__Given data__.
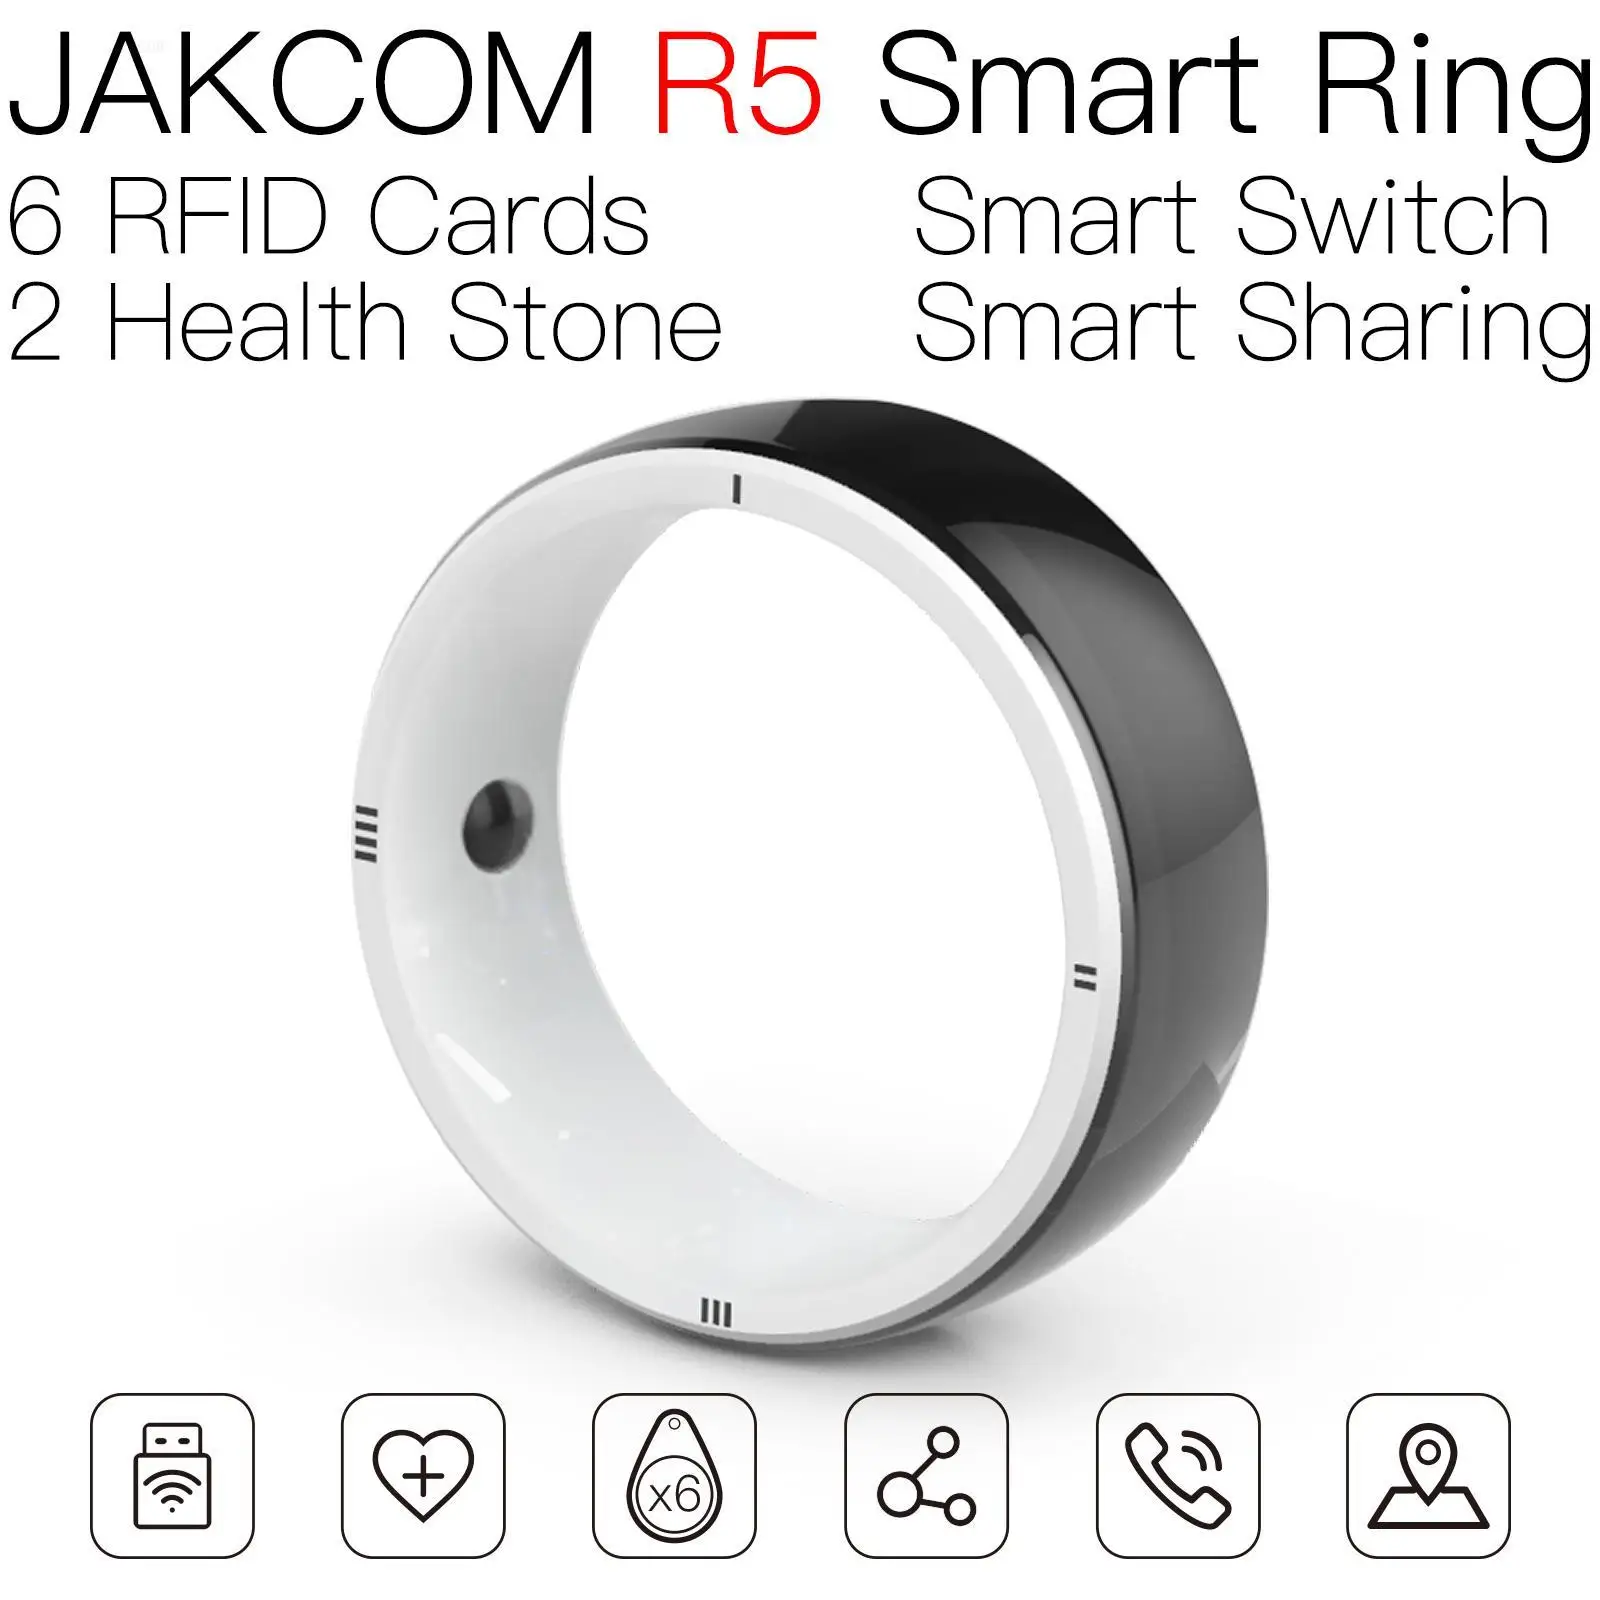 JAKCOM R5 Smart Ring Соответствует rfid-метке uhf long range one chip psx read clone перезаписываемый браслет nfc для ногтей двойной
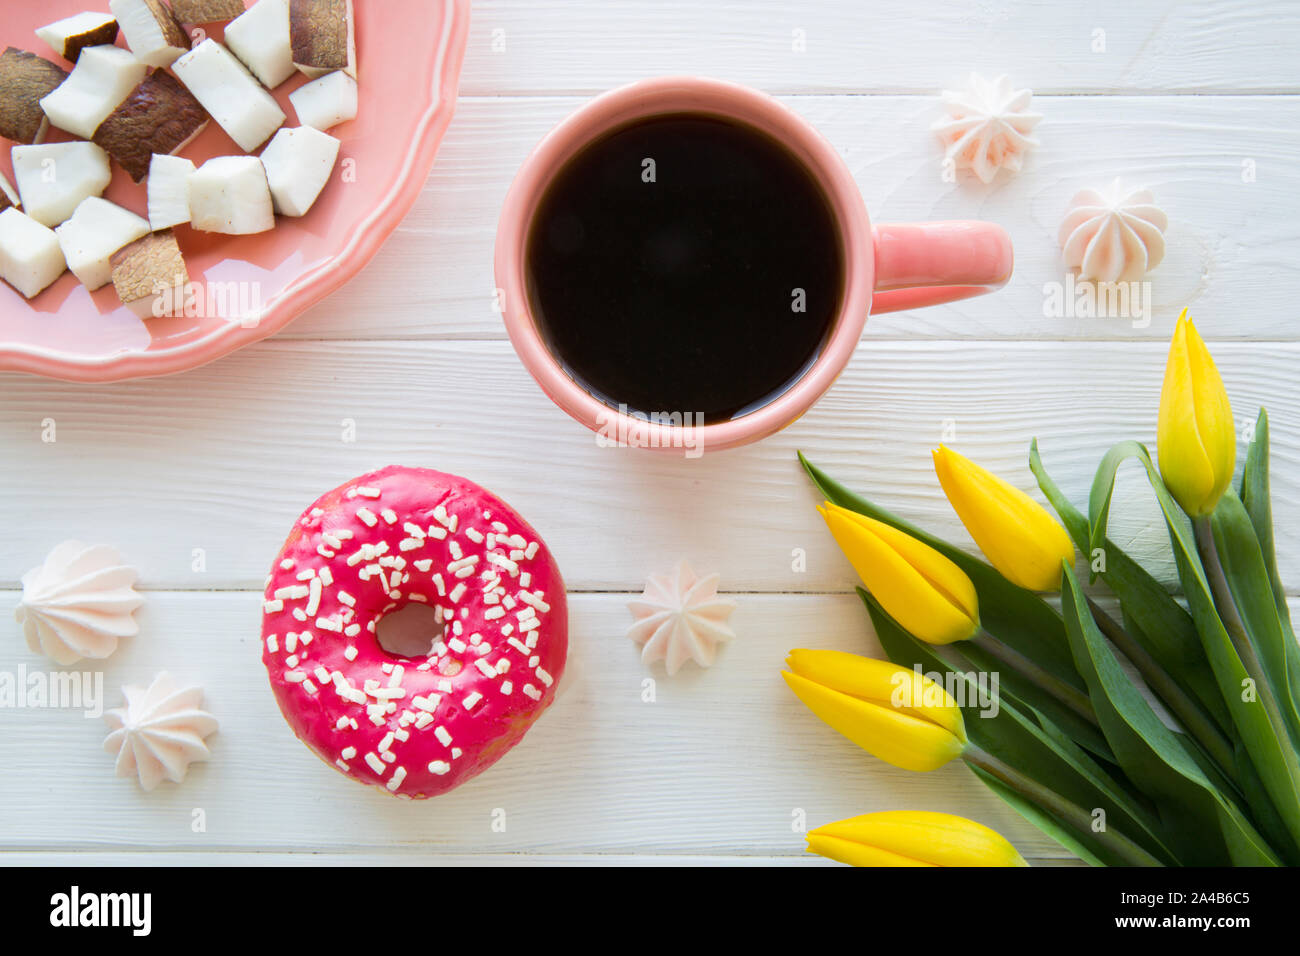 Desayuno dulce. Piezas de coco, mañana café negro y rosa donut acristalada. Tulip Yeelow decoración en madera blanca de fondo. Foto de stock
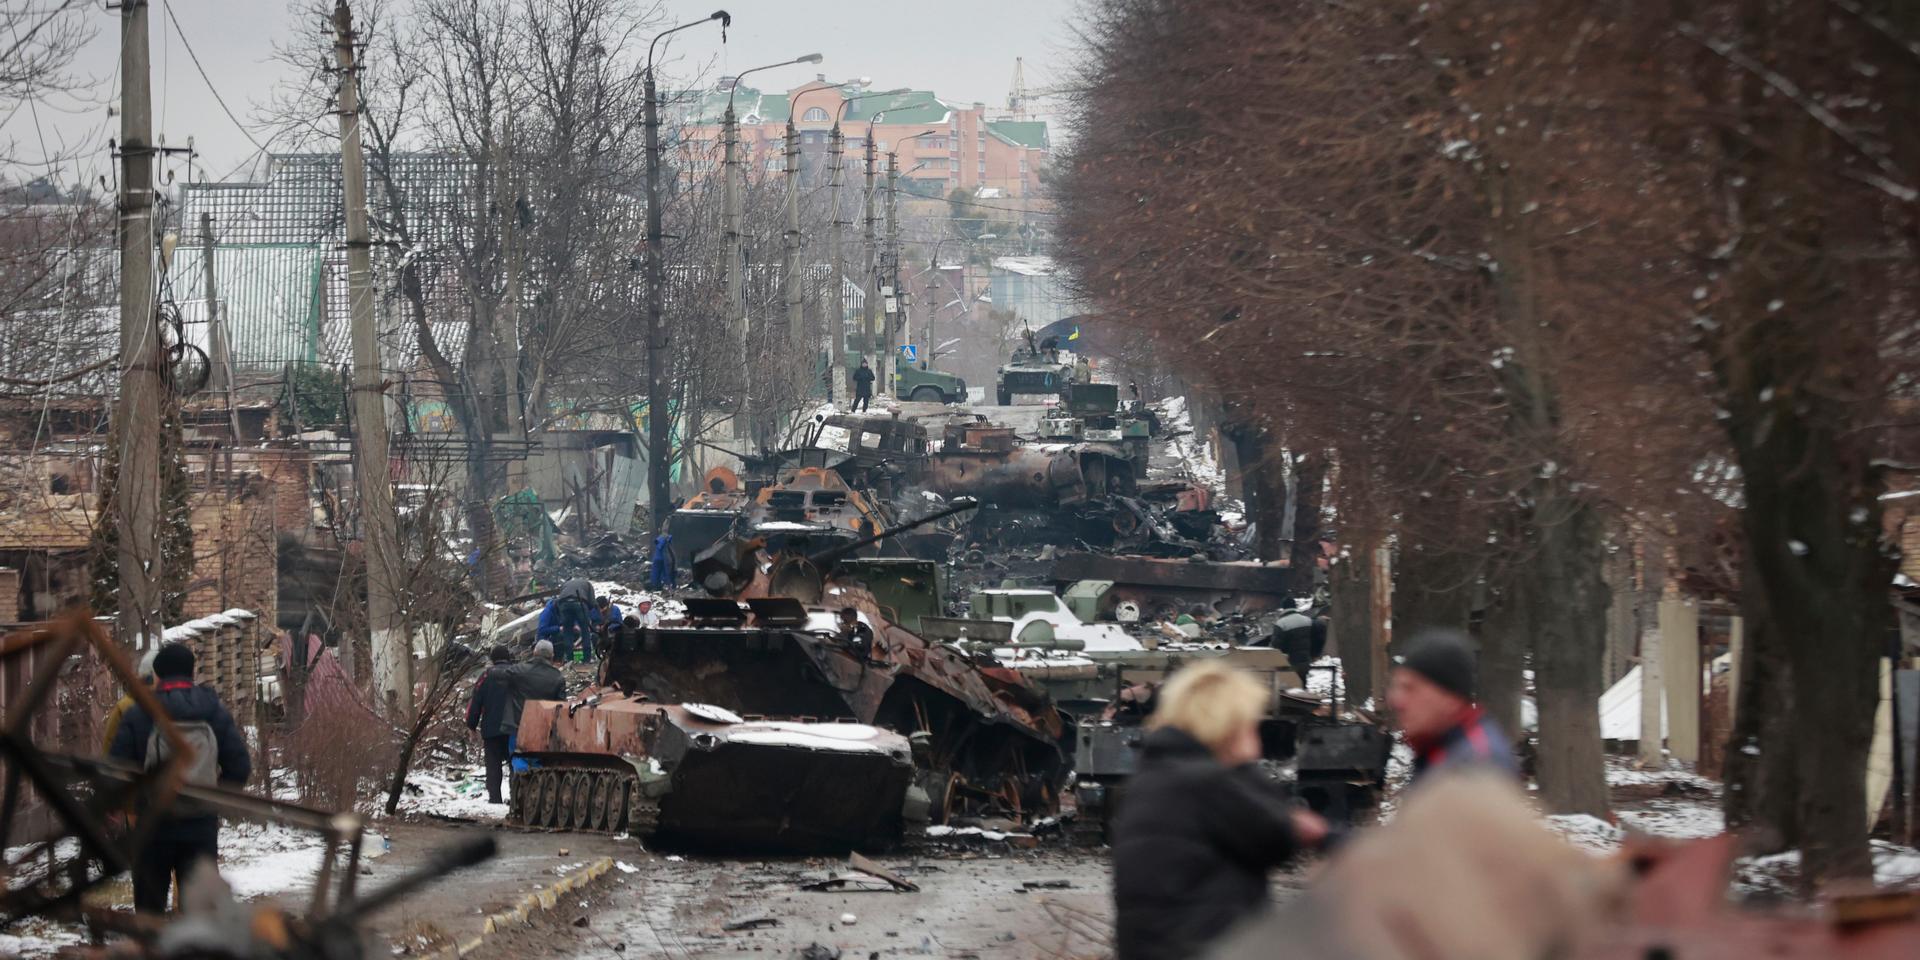 Människor tittar på förödelsen av ryska militära fordon på en väg i Butja utanför Kiev, i en bild från i tisdags.
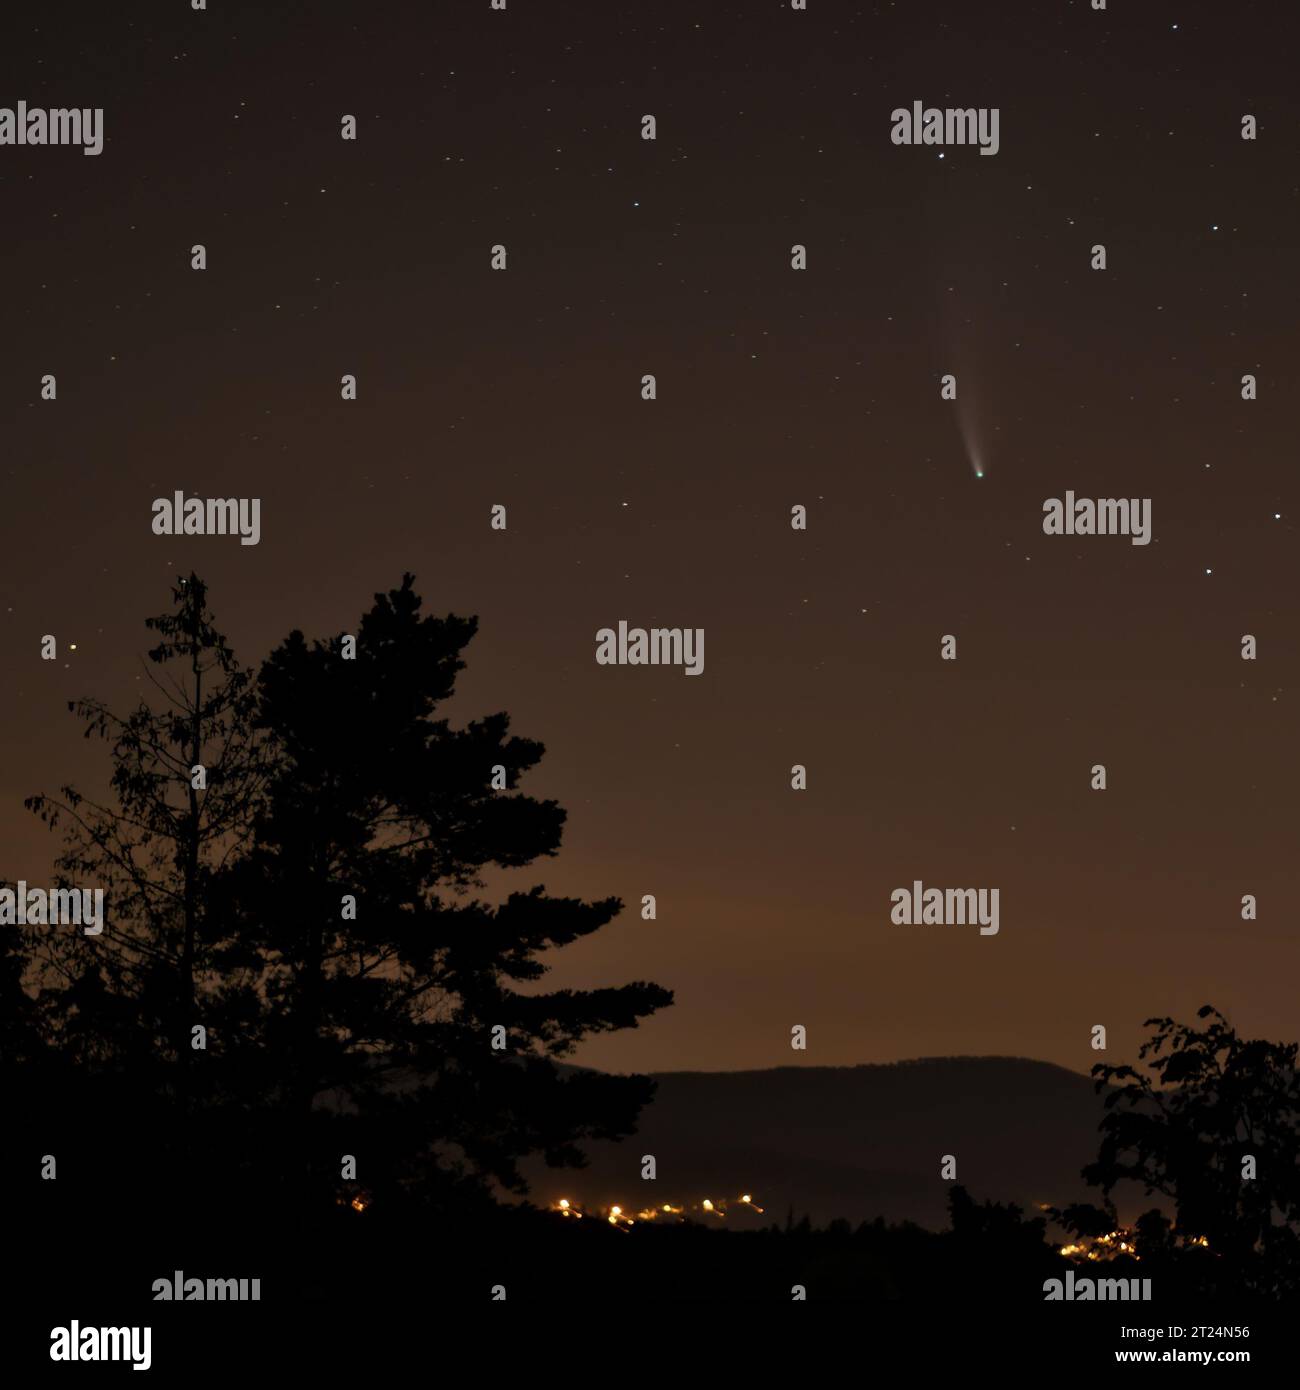 Cometa NevoISE e stelle nel cielo notturno. Fotografia notturna di paesaggi. Foto Stock

__Directions__. Go back to the lines above and output, exactly as they stand, the ones from the line containing "Desayuno dulce. Piezas" to the line containing "Människor tittar på". Leave all pictures behind.

__Your response__.
 Desayuno dulce. Piezas de coco, mañana café negro y rosa donut acristalada. Tulip Yeelow decoración en madera blanca de fondo. Foto de stock
 Människor tittar på förödelsen av ryska militära fordon på en väg i Butja utanför Kiev, i en bild från i tisdags.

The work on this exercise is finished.